Plus I relished reading a BIG collection of Kerouac -- Ginsberg letters. I think their personalities were stronger than their writing, is what it amounts to. And the Kerouac drinking dive is just pitiful to read about.

The weird thing was, Crane never went to war. It was all the power of imagination, based on his readings and perhaps talks with soldiers. I, too, only read it once and that was high school.
Amazing, isn't it, how limited the curricula were back in the day. No matter where you grew up and went to high school, you probably read a lot of the same books, e.g.
Red Badge of Courage
A Tale of Two Cities
Great Expectations
Huckleberry Finn
A Separate Peace
The Catcher in the Rye
Julius Caesar
The Merchant of Venice (pre-politically incorrect days)
Hamlet
Macbeth
The Scarlet Letter
and so on.

Good description. Some of his sentences are long, but mostly because they're roped together with and's.
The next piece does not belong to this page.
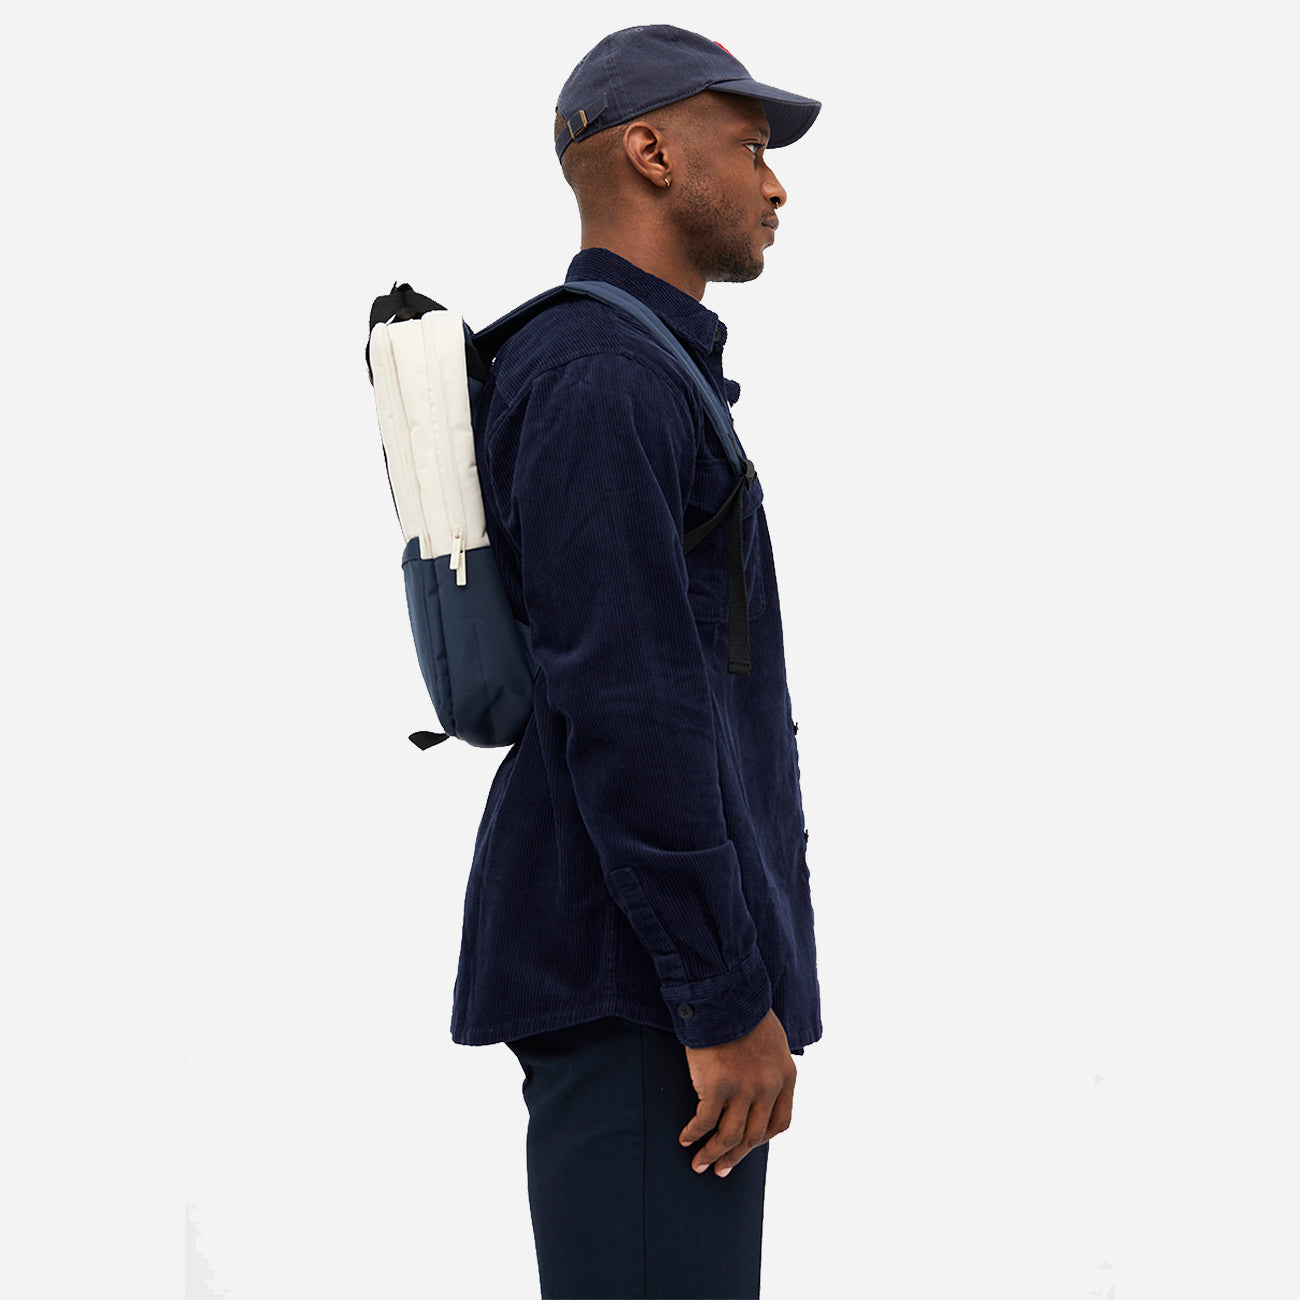 Homme avec un sac à dos urbain durable bleu et blanc, vue de côté

Not to worry, Hem would never be an ORG choice. Even if a book were nominated, I doubt it would garner many votes.
Agree, Kathleen, about Moveable Feast. It's imbued with his Romanticism and regret over dumping his first wife and true love (everyone's favorite Hem wife), Hadley.
Bumby's mom!

Of the novels, I'd say either the war romance A Farewell to Arms or the drinking book set at the running of the bulls (Pamplona Festival in Spain), The Sun Also Rises, are his two best outings.
It's just a case of which you prefer. Farewell has a bit of a mini-War & Peace feel, as the scenes are split between WWI scenes (Italy) and romance with a nurse scenes. Sun has all that bull fighting nonsense, but it's true to the core about alcoholics and their funny dialogue (which inevitably devolves into nasty dialogue... liquor, you see).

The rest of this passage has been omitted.